В письме Вяземскому можно усмотреть намек и еще на одно обстоятельство. Вяземский характеризовал эпиграмму тем, что она была писана ради одобрения «некоторых сорванцов и подлецов». Между тем Пушкин хорошо помнил, в какой атмосфере возникла его эпиграмма. В его записках это достаточно ясно обрисовано: «Молодые якобинцы негодовали; несколько отдельных размышлений в пользу самодержавия, красноречиво опровергнутые верным рассказом событий, — казались им верхом варварства...».12 Пушкин называет имена этих якобинцев: Никита Муравьев и Михаил Орлов. Речь шла о декабристах. Эпиграмма Пушкина могла вызвать одобрение среди декабристов. Бранные эпитеты, произнесенные Вяземским в пылу безотчетного рвения к памяти Карамзина, могли показаться весьма неуместными накануне казни и ссылки декабристов. А Пушкин, конечно, хорошо помнил, в какой среде зародилась идея его эпиграммы.

Остается еще одно указание в цитированном выше письме Пушкина Вяземскому от 10 июля 1826 года: его эпиграмма «остра и ничуть не обидна». В какой мере это может служить основанием к отождествлению эпиграммы Пушкина? Надо признать, что здесь Пушкин выступает судьей в собственном деле. Это скорее оправдания обвиняемого, чем окончательный приговор. Действительно ли могла быть такой добродушной эпиграмма, написанная в состоянии раздражения, вызванного обидой? Ведь Пушкин тут же писал: «До сих пор не могу об этом хладнокровно вспомнить». Между тем именно это указание Пушкина на безобидность эпиграммы более всего повлияло на дальнейшую судьбу интересующих нас эпиграмм.

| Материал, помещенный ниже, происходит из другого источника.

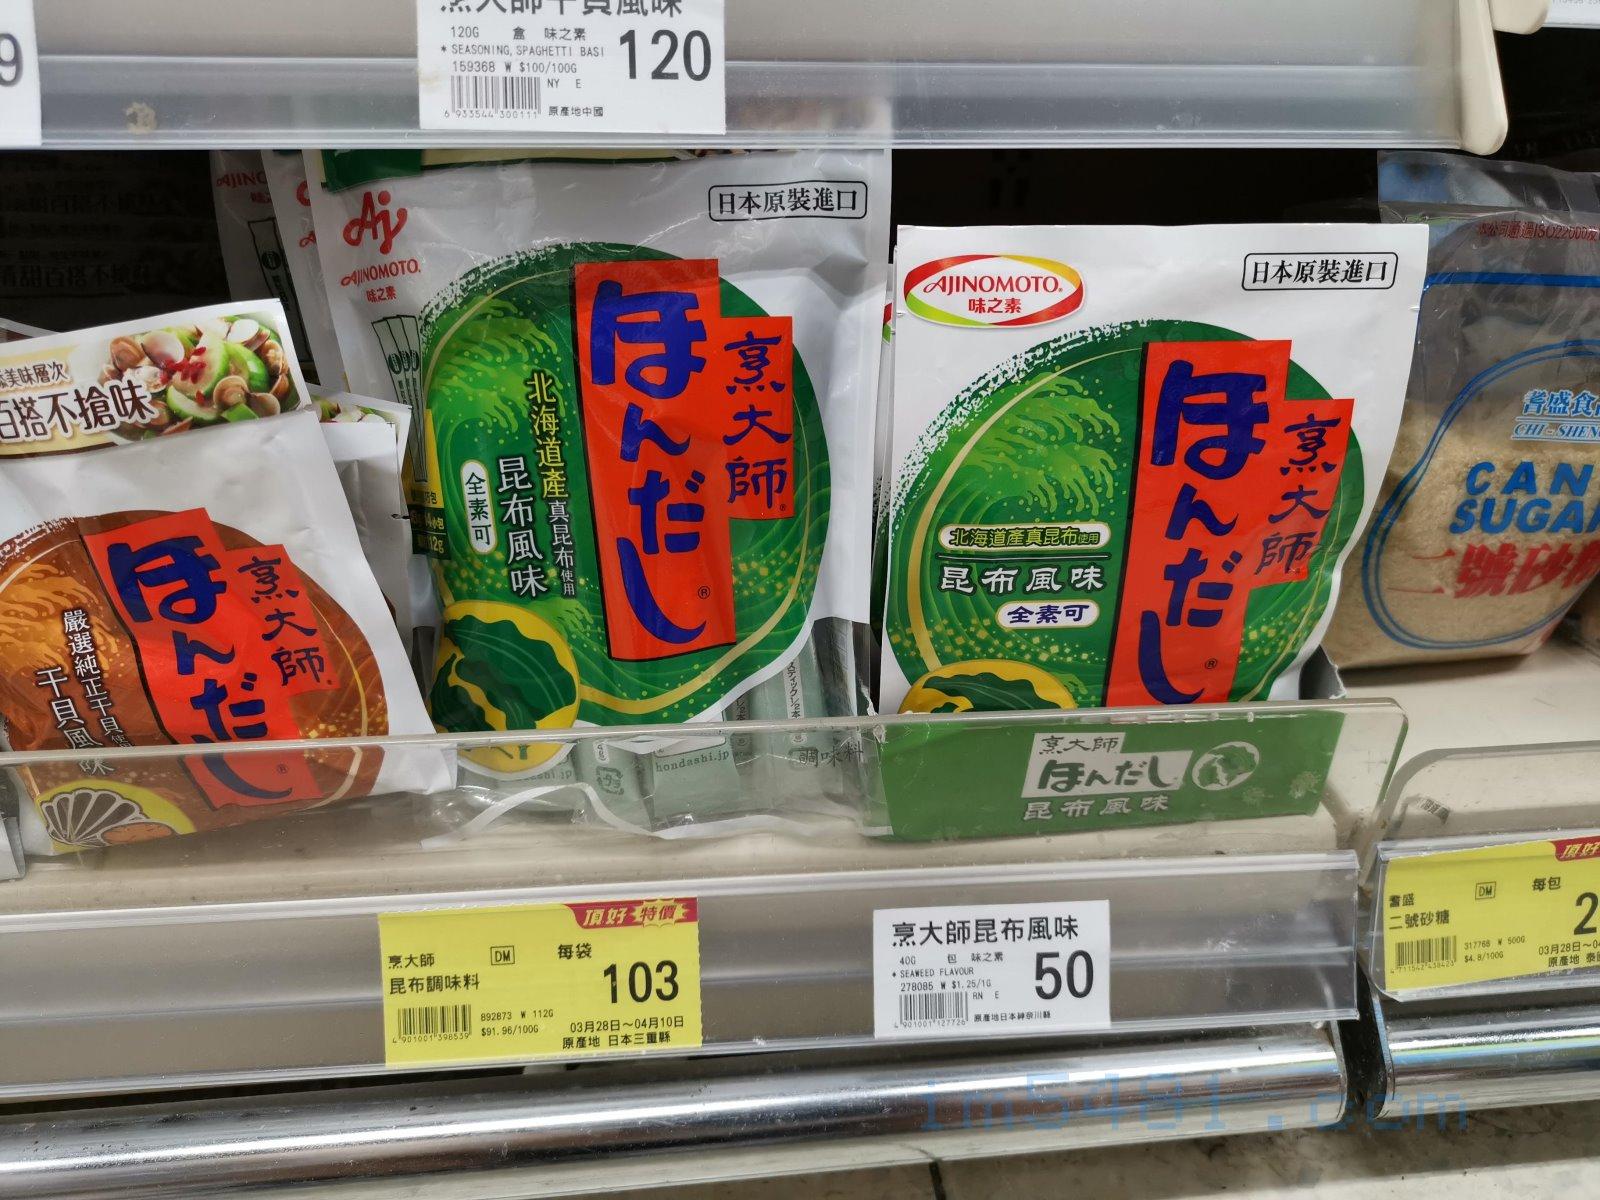 頂好超市賣的烹大師昆布風味

В последнем академическом издании напечатана только одна из них: «Послушайте: я сказку вам начну...». Другая эпиграмма вообще не вошла в это издание, даже в отдел Dubia. Эпиграмма, напечатанная в качестве несомненно принадлежащей Пушкину, опубликована во втором томе, среди произведений 1817 года.13 Замечу, что до этого в изданиях, редактировавшихся М. А. Цявловским, бывшим также редактором указанного тома академического издания, эпиграмма появлялась, хотя и как сомнительная по принадлежности, но под другой датой: она связывалась с датой выхода в свет «Истории Государства Российского», т. е. с 1818 годом.14 Вопреки обычаю академического издания, данный текст сопровожден примечанием по существу дела: «Эта эпиграмма — единственная эпиграмма Пушкина на Карамзина, авторство которой не вызывает сомнений. Включавшаяся до последних изданий в отдел Dubia эпиграмма „В его «Истории» изящность, простота“ по всем данным Пушкину не принадлежит».15

Итак, можно подумать, что академическое издание нашло окончательное решение вопроса. Однако затруднения возникают и здесь. Повидимому, ход решения был такой: из двух эпиграмм, считавшихся одновременными,

212

избрана более добродушная. Критерий незлобивости выдвинут потому, что критерий хронологии не давал оснований для выбора. Правда, этот психологический критерий всегда сохраняет явные признаки субъективизма.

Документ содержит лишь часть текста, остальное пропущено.